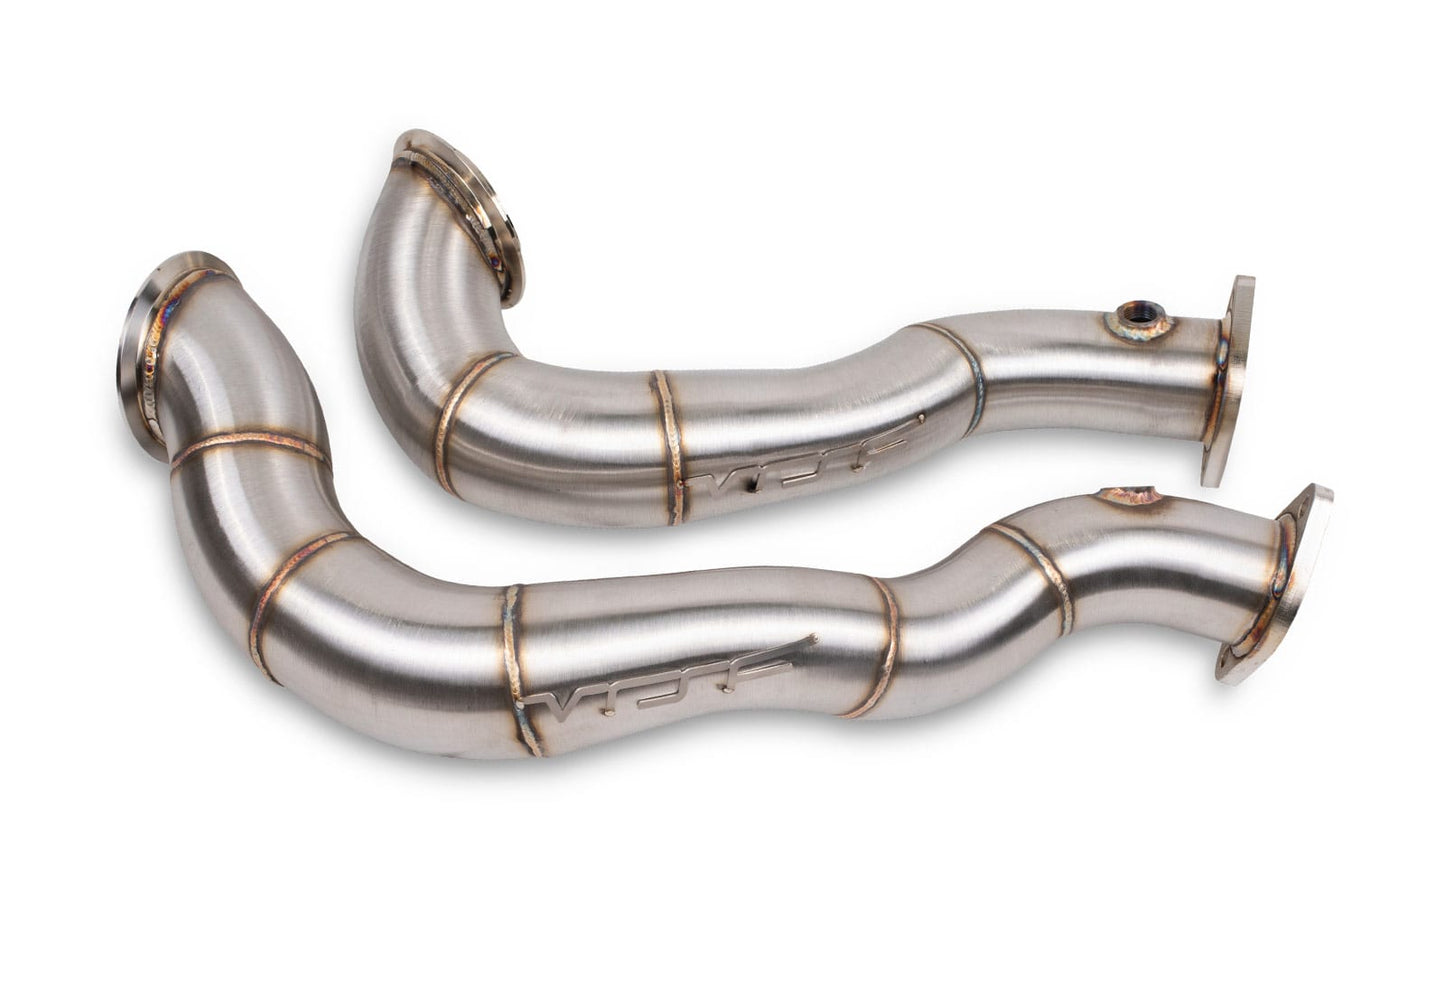 VRSF 3" Race Downpipes for N54 335XI
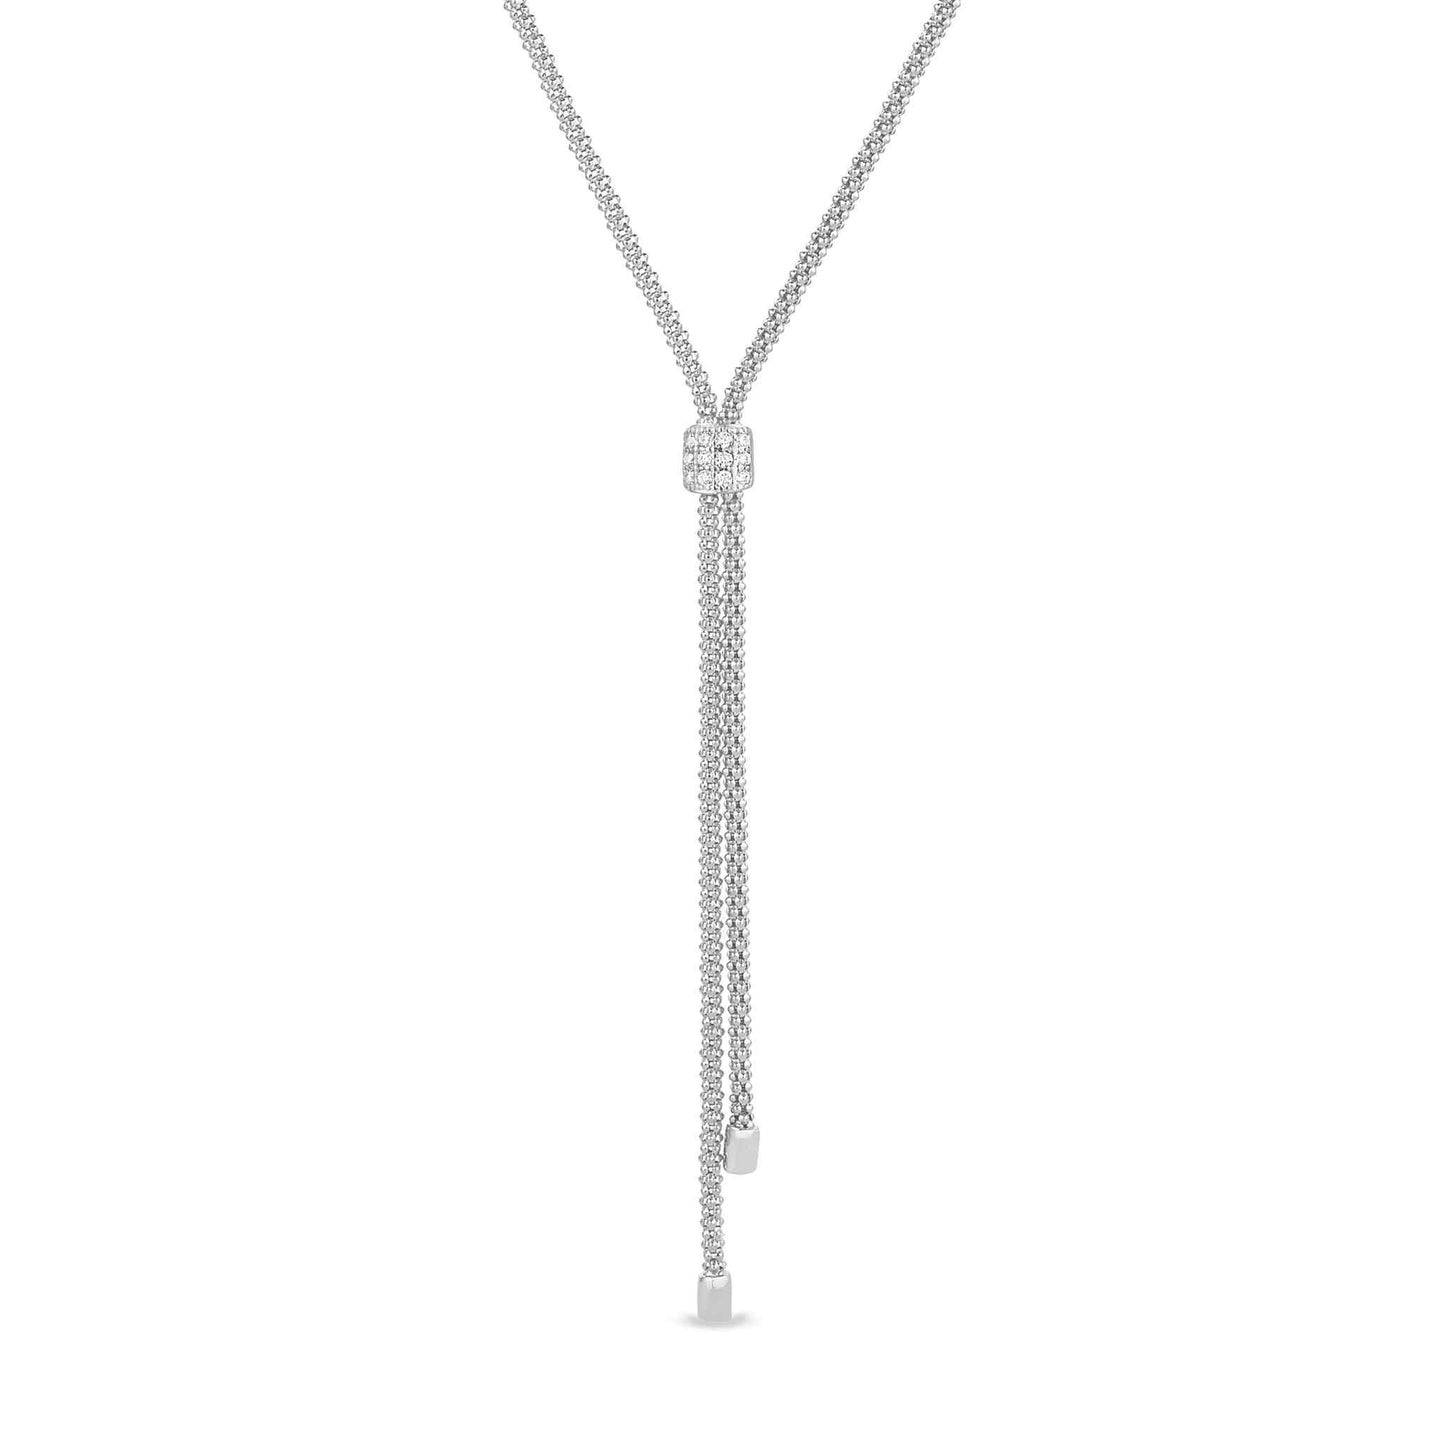 A lariat necklace with simulated diamond square accent displayed on a neutral white background.
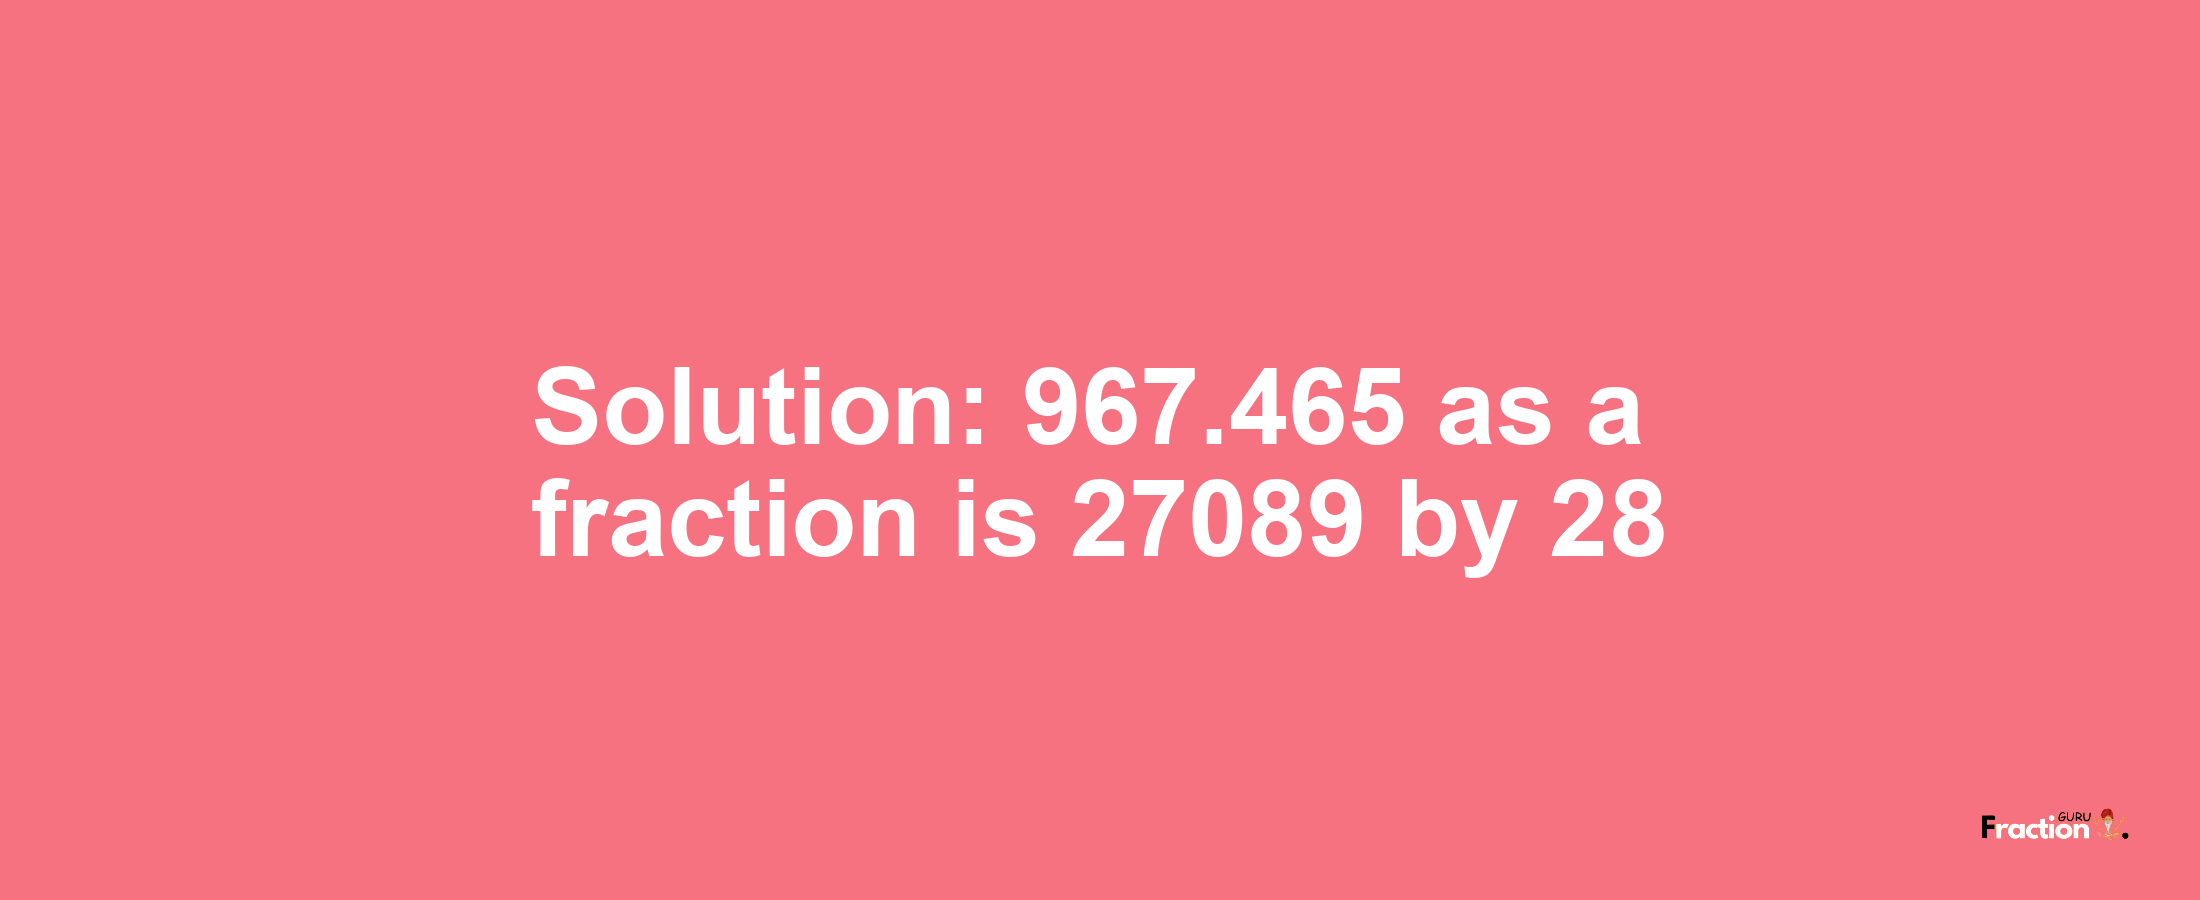 Solution:967.465 as a fraction is 27089/28
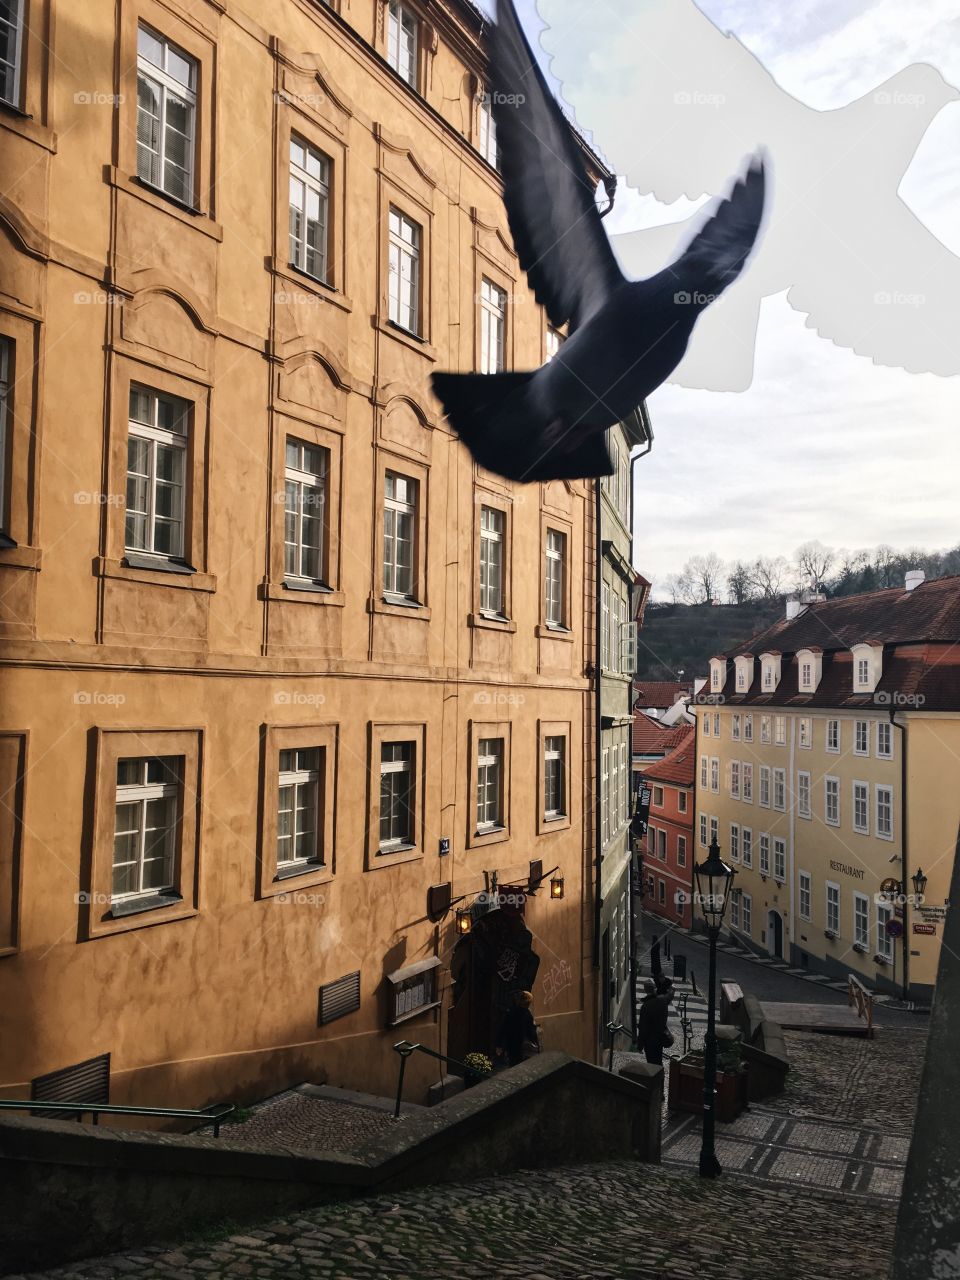 Flying above the streets of Prague.

Problem statement:
Only the text of the material belongs in your copy, which must match the original exactly.

Result:
 VRSF 3" Race Downpipes for N54 335XI
 A lariat necklace with simulated diamond square accent displayed on a neutral white background.
 Solution:967.465 as a fraction is 27089/28
 Flying above the streets of Prague.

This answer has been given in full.